Tuesday, January 05, 2010

City State Warfare

For the next game in my collection, we come to City State Warfare. I believe I got this game in the early '90s when I was living in Springfield and attending Missouri State University (not that it was called that at the time, of course). The game is a pretty generic tactical combat system for medieval style fighting. I say that because the average units in the game are footmen, bowmen, and mounted knights. All your standard medieval fare. The game also includes fantasy units, such as goblins and elves, but that is more for flavor and to expand the appeal of the game, as those units are treated the same by the game rules as the regular historical human units.

The game system itself is pretty generic, and doesn't hold up well to modern designs.
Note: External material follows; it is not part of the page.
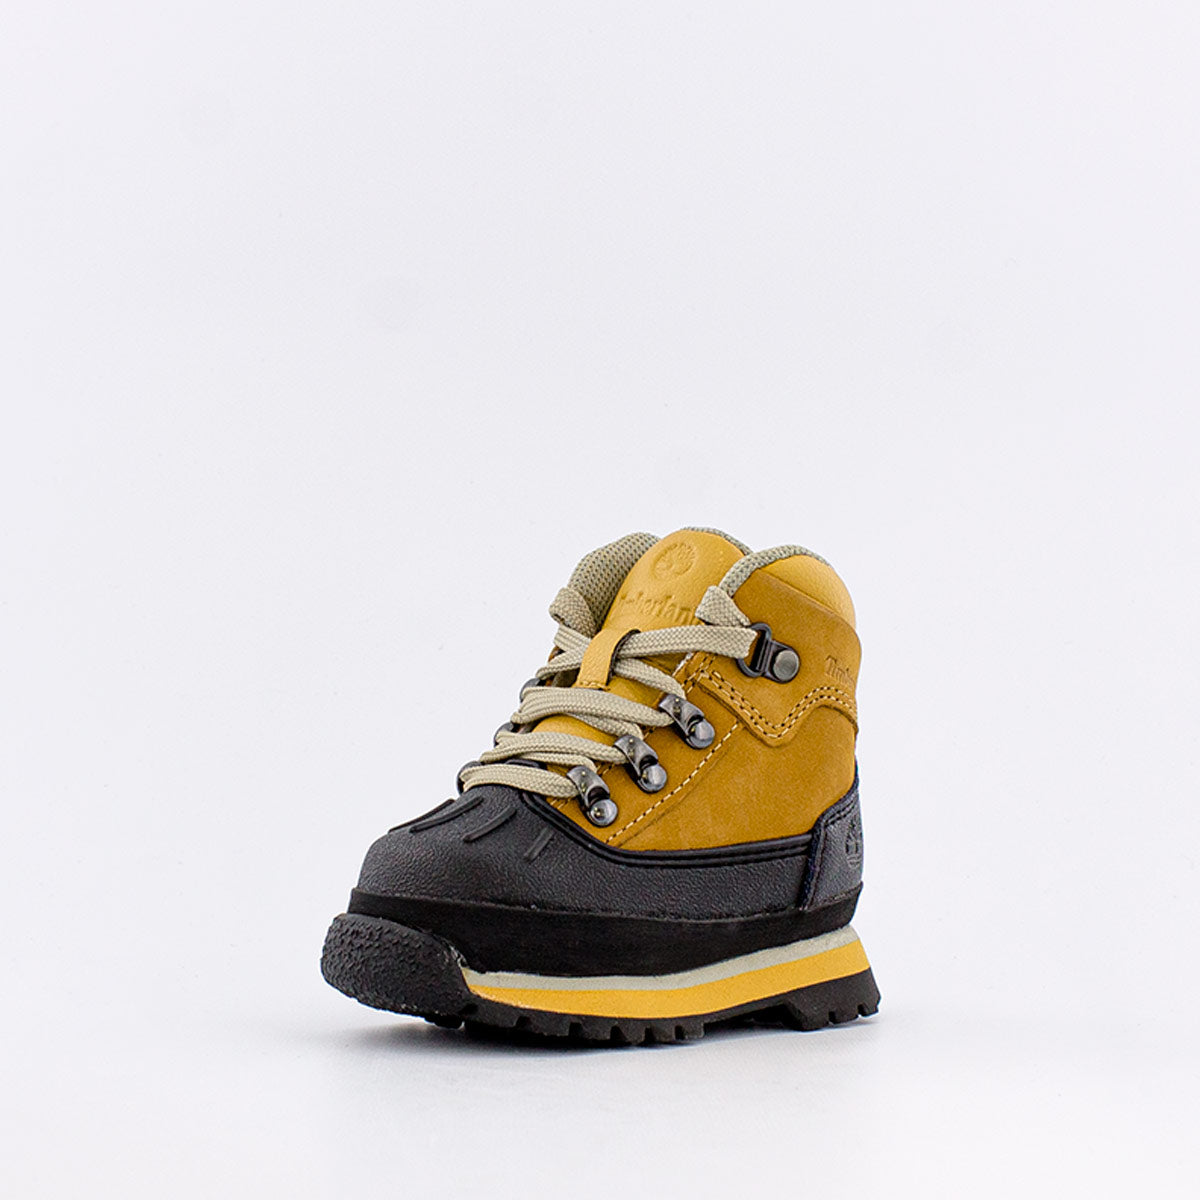 Timberland Euro Hiker Shell Toe Boot (Infant/Toddler)

Each counter represents living things, so a footman unit represents 20 men, while a mounted units represents 10 riders and 10 horses. Each hex on the map (two of which are included with the game) represents 60 feet. On your turn, you can move your units around the map up to their Movement Factor. You want to get your units next to enemy units so they can fight, but only when you outnumber them, so the odds are in your favor. The way to do this is by stacking your units as tight as possible in a few hexes, up to the stacking limit (3 mounted units, or 6 foot units, or combinations thereof). This allows you to attack with more punch, as you total up the Melee Factors of all attacking units when making an attack roll.
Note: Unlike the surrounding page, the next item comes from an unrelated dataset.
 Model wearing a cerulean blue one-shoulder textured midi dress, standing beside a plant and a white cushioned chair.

Attack rolls are made by rolling a six-sided die and referencing the Combat Results Table. First you find the Defense Class of the unit, and you find the row for your die roll. Then you slide over to the right to find your total Factors Attacking rating, and then you see how many enemy units you eliminated (none, one, two, or three). It is pretty basic, but it gets the job done. Maneuver actually becomes pretty important with this system, which I like, as just charging head-on is a good way to get dead unless your units are way better quality than their targets.

The game comes with 10 historical scenarios for you to fight it out with your friends. There are all right, and seem relatively balanced (usually through each side having different victory conditions). However, the meat of the game is in something else. See, the game was published by Judges Guild, which made a lot of adventures and supplements for fantasy role-playing games. In fact, this game says right up front on the first page of the rules that it was designed to allow RPG players to play out any battles that might occur during a RPG campaign. Hence the fantasy units, but hence some other aspects of the game.
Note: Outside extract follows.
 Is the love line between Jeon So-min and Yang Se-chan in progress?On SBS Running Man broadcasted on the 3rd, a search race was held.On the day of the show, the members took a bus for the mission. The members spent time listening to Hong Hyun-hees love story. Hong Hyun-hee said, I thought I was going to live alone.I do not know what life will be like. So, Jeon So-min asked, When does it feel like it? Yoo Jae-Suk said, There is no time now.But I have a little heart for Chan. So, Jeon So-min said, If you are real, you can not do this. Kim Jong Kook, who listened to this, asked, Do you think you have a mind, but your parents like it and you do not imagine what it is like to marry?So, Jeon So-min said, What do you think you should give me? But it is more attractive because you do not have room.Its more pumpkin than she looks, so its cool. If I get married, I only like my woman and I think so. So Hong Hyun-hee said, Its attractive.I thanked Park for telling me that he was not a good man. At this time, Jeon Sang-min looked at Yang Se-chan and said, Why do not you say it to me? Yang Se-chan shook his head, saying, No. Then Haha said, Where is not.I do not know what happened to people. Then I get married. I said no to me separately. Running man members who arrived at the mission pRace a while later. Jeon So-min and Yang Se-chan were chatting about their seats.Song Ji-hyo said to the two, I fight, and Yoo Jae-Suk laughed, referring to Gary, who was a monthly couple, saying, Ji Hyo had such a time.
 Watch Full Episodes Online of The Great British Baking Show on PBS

First, each side will have one or more leaders. In historical scenarios these represent actual military commanders, but in a fantasy game they can represent player characters, thus allowing players to have their individual characters affect the battle directly. There are also detailed rules for how you can go about building up your own army through hiring mercenaries or even forming a goon squad to force the local peasants into your armed forces (just don't expect high morale in those units if you do that!), as well as how to design your own game units to reflect whatever oddball collection of troops you come up with.

As befits a game with campaign play in mind, there are also tables to determine how many of your people actually died in each unit lost, as realistically people don't fight to the last man in all situations, and having a unit "eliminated" could just mean that a few people got stabbed and the rest freaked and ran away, only to slink back to camp a week later. In the same way, eliminated leaders almost never actually die, but they can get maimed, or captured and ransomed back, or captured and then escape while stealing enemy treasure, etc. Lots of different things can happen. There is even a random mission generation table if you just want to come up with a random reason for a battle, though I don't think it works very well, and was most likely a late addition to fill up page count.

Overall, this game could use some work to bring some of its game mechanics into line with modern design principles, but the underlying system works decently enough. That said, it doesn't need a lot of work, and designing your own units is fun. Heck, I once wrote an entire campaign system just to let me fight out a bunch of battles with this game, and have had a lot of fun with it over the years. Definitely a keeper.